What Instacart’s Results Tell Us About Grocery Delivery
Key Takeaways
- Maplebear, known as Instacart, beat profit and sales estimates as orders and spending on those orders increased.
- The grocery delivery company reported strong October demand, but gains may be tempered because of the loss of federal food benefits during the government shutdown.
Maplebear (CART), better known as Instacart, posted better-than-expected results as shoppers placed more orders and spent more money on them.
The grocery delivery provider reported third-quarter earnings per share of $0.51, a penny above what analysts surveyed by Visible Alpha were anticipating. Adjusted earnings before interest, taxes, depreciation, and amortization (EBITDA) grew 22% to $278 million, and revenue rose 10% to $939 million. Those beat forecasts as well.
Why This Is Significant
Instacart’s results suggest that demand for online grocery delivery is strong despite consumers facing tighter budgets. The grocery delivery company’s use of new artificial intelligence tools and focus on retail partnerships could help offset headwinds from reduced federal SNAP benefits.

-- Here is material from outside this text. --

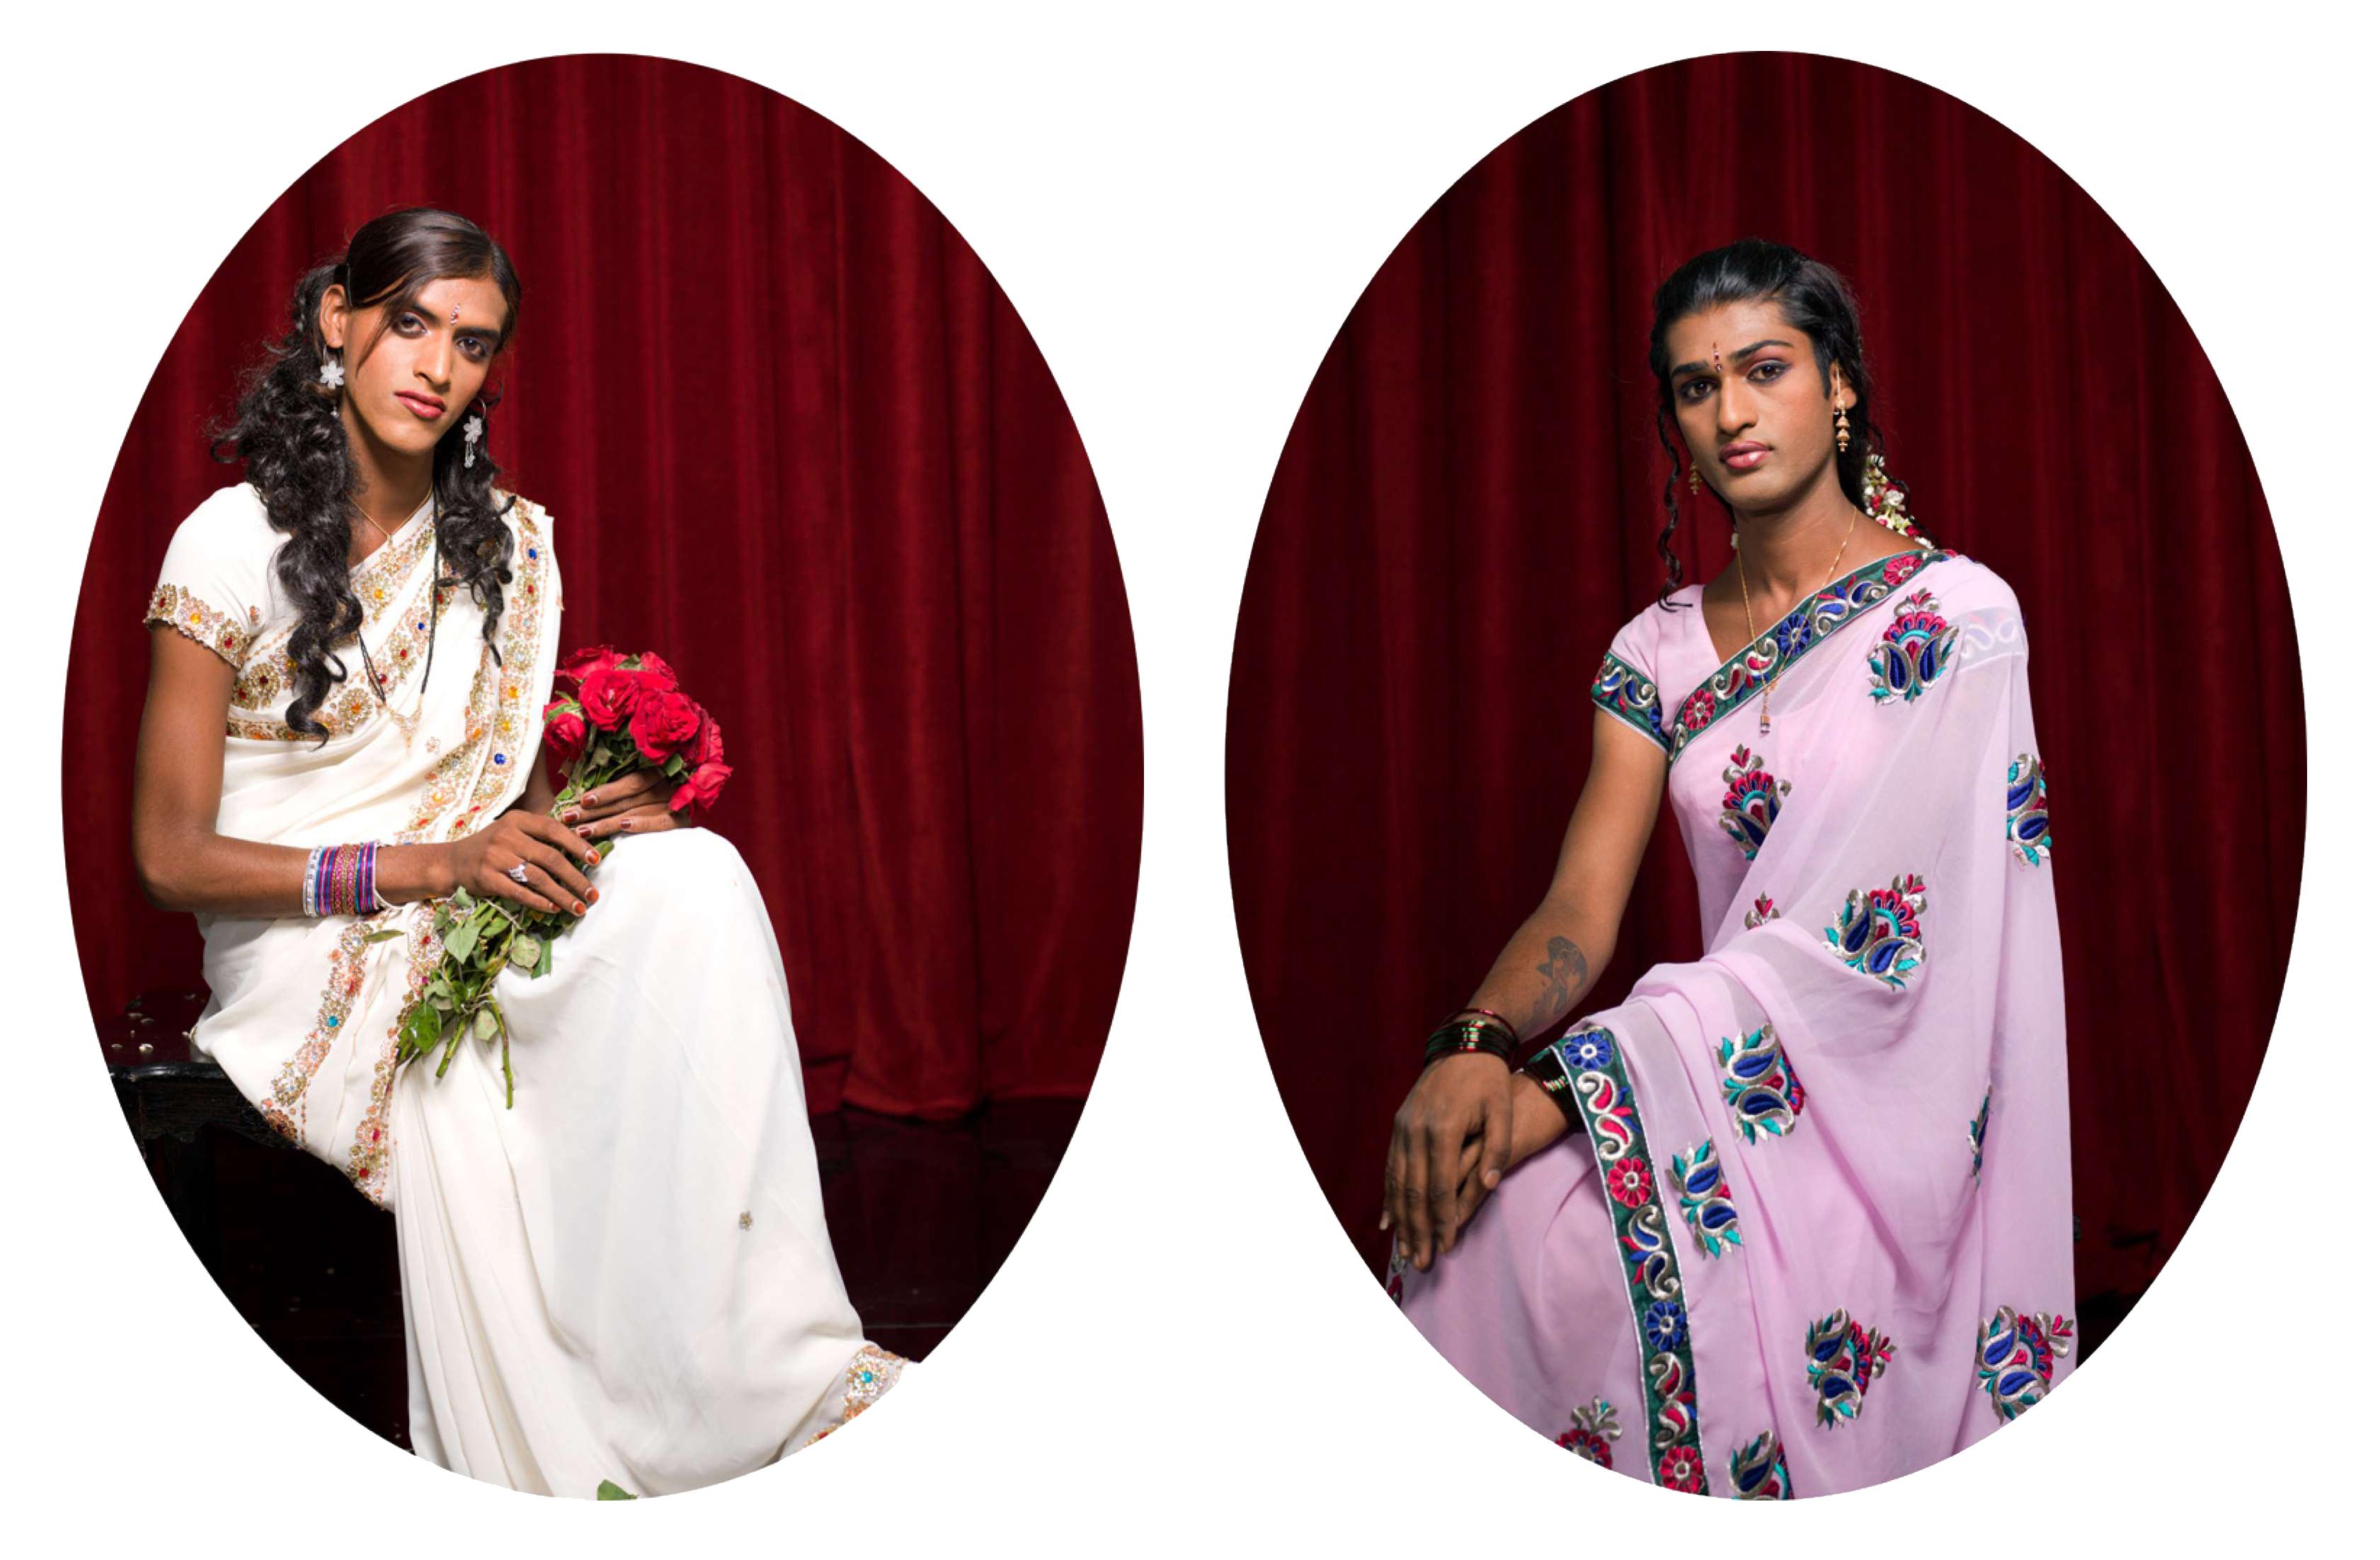 Jill Peters Portrait Photograph - Muskan and Sangita, Protraits. From The Third Gender of India Series

Total orders increased 14% to 83.4 million, and gross transaction value (GTV) was up 10% to $9.17 billion. Both also exceeded Visible Alpha estimates.
The company benefited from the use of artificial intelligence, “which is helping us build smarter products, better tools, and more accurate measurement across our ads ecosystem,” said CEO Chris Rogers.
Instacart predicts current quarter GTV of $9.45 billion to $9.60 billion, which “reflects our strong performance in October, continued momentum from landing and expanding our enterprise partnerships, and is partially offset by the expected impact of EBT SNAP funding scenarios on our business.” Federal EBT SNAP money was suspended earlier this month due to the government shutdown.
Maplebear shares were down 0.7% in mid-afternoon trading Monday. The stock has lost about 12% of its value since the start of the year.